Work item> Retype, word for word, every line from the one holding "Orit Elhanati Katjushka" through the one holding "Pergolato casale in Toscanas" in the entries below, both included, and only those lines.

Stored data:

Segment Open

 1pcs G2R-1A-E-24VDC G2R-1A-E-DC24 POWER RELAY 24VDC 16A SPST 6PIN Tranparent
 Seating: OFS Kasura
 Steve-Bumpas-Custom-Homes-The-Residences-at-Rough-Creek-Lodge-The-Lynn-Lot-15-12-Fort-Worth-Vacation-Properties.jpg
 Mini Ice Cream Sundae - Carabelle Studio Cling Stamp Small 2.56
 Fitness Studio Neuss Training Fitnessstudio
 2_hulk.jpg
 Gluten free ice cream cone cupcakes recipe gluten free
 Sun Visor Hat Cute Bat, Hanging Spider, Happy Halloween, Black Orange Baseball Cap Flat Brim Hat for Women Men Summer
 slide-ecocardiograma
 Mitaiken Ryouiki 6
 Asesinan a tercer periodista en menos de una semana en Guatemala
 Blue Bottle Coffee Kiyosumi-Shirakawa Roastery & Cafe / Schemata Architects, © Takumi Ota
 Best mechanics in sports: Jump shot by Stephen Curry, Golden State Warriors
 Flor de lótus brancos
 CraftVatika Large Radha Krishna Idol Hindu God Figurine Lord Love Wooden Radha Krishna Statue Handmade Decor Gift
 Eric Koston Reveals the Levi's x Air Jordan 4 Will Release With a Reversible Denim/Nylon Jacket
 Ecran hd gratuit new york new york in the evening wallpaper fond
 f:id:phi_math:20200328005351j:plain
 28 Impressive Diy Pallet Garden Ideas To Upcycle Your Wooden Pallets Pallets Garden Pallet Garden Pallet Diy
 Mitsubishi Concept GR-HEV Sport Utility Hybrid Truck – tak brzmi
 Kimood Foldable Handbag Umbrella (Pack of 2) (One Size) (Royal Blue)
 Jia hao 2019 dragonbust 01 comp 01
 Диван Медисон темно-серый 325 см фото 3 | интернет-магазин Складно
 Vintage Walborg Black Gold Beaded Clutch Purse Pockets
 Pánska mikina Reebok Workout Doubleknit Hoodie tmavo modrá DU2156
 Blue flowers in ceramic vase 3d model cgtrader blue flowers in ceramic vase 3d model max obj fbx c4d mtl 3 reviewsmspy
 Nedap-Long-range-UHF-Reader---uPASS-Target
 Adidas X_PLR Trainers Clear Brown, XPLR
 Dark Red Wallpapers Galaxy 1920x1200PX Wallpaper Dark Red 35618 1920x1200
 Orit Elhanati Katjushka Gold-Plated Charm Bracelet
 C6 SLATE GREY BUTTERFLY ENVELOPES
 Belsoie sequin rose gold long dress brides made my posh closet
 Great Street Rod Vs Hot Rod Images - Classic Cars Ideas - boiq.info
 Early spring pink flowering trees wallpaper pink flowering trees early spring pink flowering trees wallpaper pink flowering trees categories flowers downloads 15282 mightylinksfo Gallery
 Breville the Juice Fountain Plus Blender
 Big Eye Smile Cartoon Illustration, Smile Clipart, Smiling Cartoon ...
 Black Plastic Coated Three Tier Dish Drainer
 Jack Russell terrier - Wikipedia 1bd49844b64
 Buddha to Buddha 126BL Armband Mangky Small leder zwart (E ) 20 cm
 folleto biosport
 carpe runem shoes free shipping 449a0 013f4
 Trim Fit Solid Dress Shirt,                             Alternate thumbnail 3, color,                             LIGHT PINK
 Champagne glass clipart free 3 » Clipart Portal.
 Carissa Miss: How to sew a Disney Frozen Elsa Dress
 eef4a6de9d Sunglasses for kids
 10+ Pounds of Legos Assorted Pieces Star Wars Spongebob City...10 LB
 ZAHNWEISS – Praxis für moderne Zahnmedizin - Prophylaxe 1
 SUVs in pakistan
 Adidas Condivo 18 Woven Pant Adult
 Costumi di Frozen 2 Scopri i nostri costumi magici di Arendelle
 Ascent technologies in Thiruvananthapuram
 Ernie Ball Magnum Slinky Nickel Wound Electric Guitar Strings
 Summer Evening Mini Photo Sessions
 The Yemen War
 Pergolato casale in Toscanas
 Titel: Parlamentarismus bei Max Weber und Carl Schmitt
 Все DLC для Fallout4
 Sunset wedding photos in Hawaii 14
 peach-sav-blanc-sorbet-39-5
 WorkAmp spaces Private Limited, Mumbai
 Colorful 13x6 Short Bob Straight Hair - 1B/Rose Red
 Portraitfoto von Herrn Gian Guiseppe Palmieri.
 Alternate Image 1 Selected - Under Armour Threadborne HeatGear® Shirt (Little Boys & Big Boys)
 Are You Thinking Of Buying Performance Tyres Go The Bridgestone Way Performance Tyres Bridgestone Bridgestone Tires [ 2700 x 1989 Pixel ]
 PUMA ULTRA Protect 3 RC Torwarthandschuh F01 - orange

Segment Closed

Reply to the task>
 Orit Elhanati Katjushka Gold-Plated Charm Bracelet
 C6 SLATE GREY BUTTERFLY ENVELOPES
 Belsoie sequin rose gold long dress brides made my posh closet
 Great Street Rod Vs Hot Rod Images - Classic Cars Ideas - boiq.info
 Early spring pink flowering trees wallpaper pink flowering trees early spring pink flowering trees wallpaper pink flowering trees categories flowers downloads 15282 mightylinksfo Gallery
 Breville the Juice Fountain Plus Blender
 Big Eye Smile Cartoon Illustration, Smile Clipart, Smiling Cartoon ...
 Black Plastic Coated Three Tier Dish Drainer
 Jack Russell terrier - Wikipedia 1bd49844b64
 Buddha to Buddha 126BL Armband Mangky Small leder zwart (E ) 20 cm
 folleto biosport
 carpe runem shoes free shipping 449a0 013f4
 Trim Fit Solid Dress Shirt,                             Alternate thumbnail 3, color,                             LIGHT PINK
 Champagne glass clipart free 3 » Clipart Portal.
 Carissa Miss: How to sew a Disney Frozen Elsa Dress
 eef4a6de9d Sunglasses for kids
 10+ Pounds of Legos Assorted Pieces Star Wars Spongebob City...10 LB
 ZAHNWEISS – Praxis für moderne Zahnmedizin - Prophylaxe 1
 SUVs in pakistan
 Adidas Condivo 18 Woven Pant Adult
 Costumi di Frozen 2 Scopri i nostri costumi magici di Arendelle
 Ascent technologies in Thiruvananthapuram
 Ernie Ball Magnum Slinky Nickel Wound Electric Guitar Strings
 Summer Evening Mini Photo Sessions
 The Yemen War
 Pergolato casale in Toscanas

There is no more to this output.